In general, a confidence interval for\ $\mu$ is
$$
   \bar{x} \pm \overbrace{\big(\text{multiplier}\times\text{s.e.}(\bar{x})\big)}^{\text{The `margin of error'}}.
$$
For an approximate $95$%\ CI, the multiplier is about\ $2$ (since about\ $95$% of values are within two standard deviations of the mean, from the $68$--$95$--$99.7$ rule).


`r if (knitr::is_html_output()) '<!--'`
::: {.definition #ConfidenceIntervalmu name="Confidence interval for $\mu$"}
`r if (knitr::is_html_output()) '-->'`
`r if (knitr::is_latex_output()) '<!--'`
::: {.definition #ConfidenceIntervalmu name="Confidence interval for the population mean"}
`r if (knitr::is_latex_output()) '-->'`
A *confidence interval* (CI) for the unknown value of the population mean\ $\mu$ is
\begin{equation}
  \bar{x} \pm \big( \text{multiplier} \times \text{s.e.}(\bar{x})\big), 
  (\#eq:CImu)
\end{equation}
where $\big( \text{multiplier} \times \text{s.e.}(\hat{p})\big)$ is the *margin of error*, and
$\text{s.e.}(\bar{x})$ is the *standard error* of\ $\bar{x}$ (see Eq.\ \@ref(eq:stderrorxbarCI)), where\ $\bar{x}$ is the sample mean, and\ $n$ is the sample size.
For an *approximate* $95$%\ CI, the multiplier is\ $2$.
:::


CIs are commonly $95$%\ CIs, but *any* level of confidence can be used (with the appropriate multiplier).
In this book, a multiplier of\ $2$ is used when *approximate* $95$%\ CIs are created manually, and otherwise software is used.\index{Software output}
Commonly, CIs are computed at $90$%,\ $95$% and\ $99$% confidence levels.
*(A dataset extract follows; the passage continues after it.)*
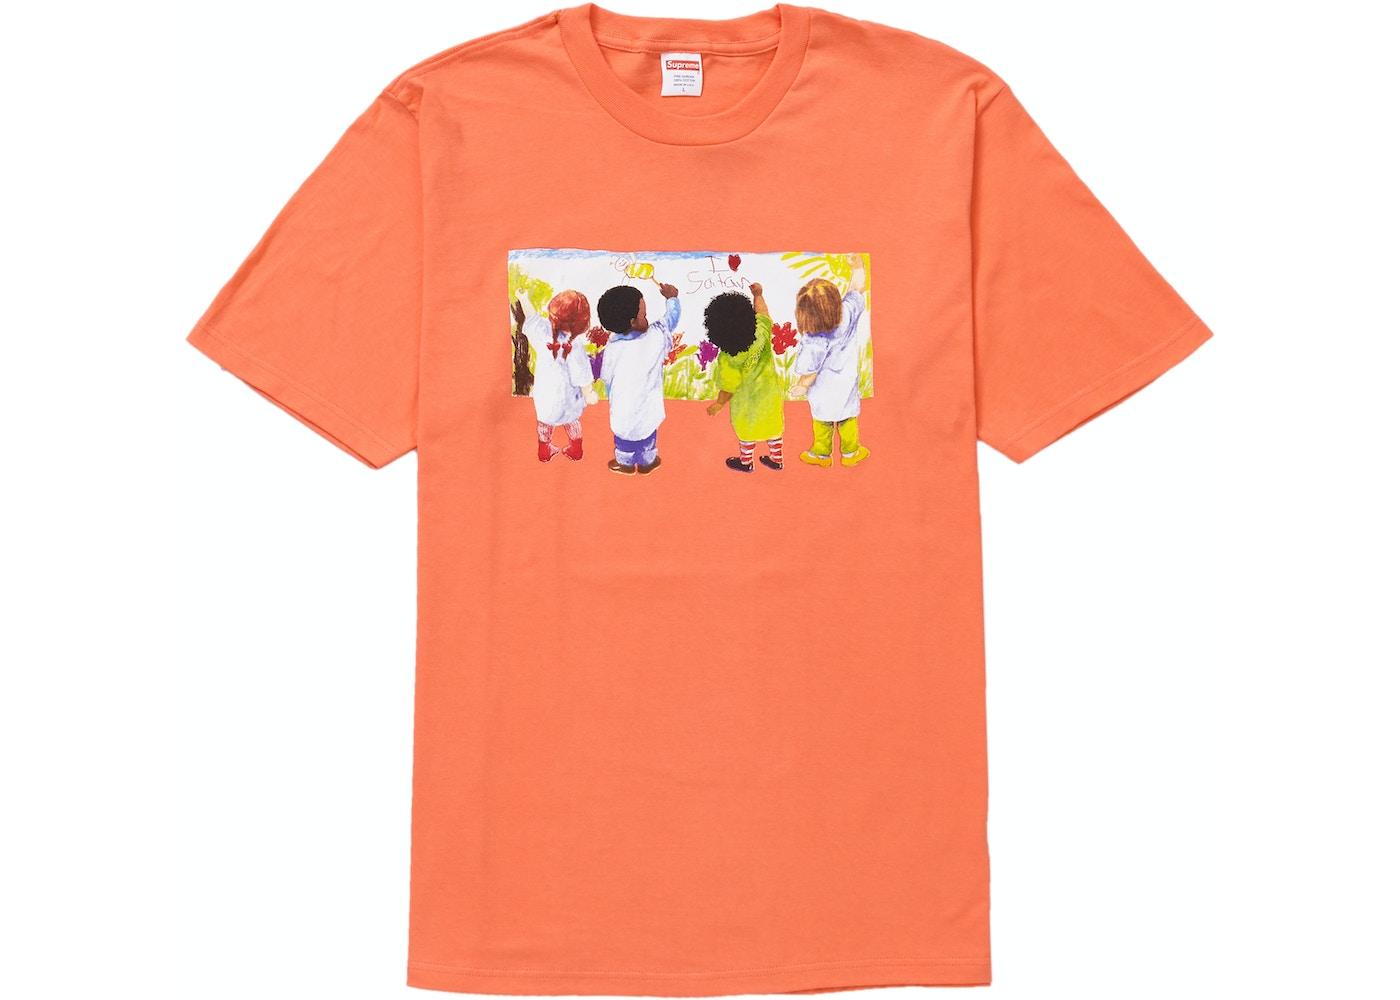 c3a4e0ee09a4 Supreme Kids Tee Neon Orange - SS19

::: {.tipBox .tip data-latex="{iconmonstr-info-6-240.png}"}
In Chap.\ \@ref(CIOneProportion), the multiplier was a $z$-score, and approximate values for the multiplier can be found using the $68$--$95$--$99.7$ rule.
When computing the CI for a sample mean, the multiplier is *not* a $z$-score (but is very *similar* to a $z$-score).
The multiplier would be a $z$-score if the value of the *population* standard deviation was known (e.g., the situation in Sect.\ \@ref(SamplingDistSampleMeanSigmaKnown)).
When\ $\sigma$ is unknown (almost always), and the *sample* standard deviation is used instead, the multiplier is a $t$-score (Sect.\ \@ref(Tscores)).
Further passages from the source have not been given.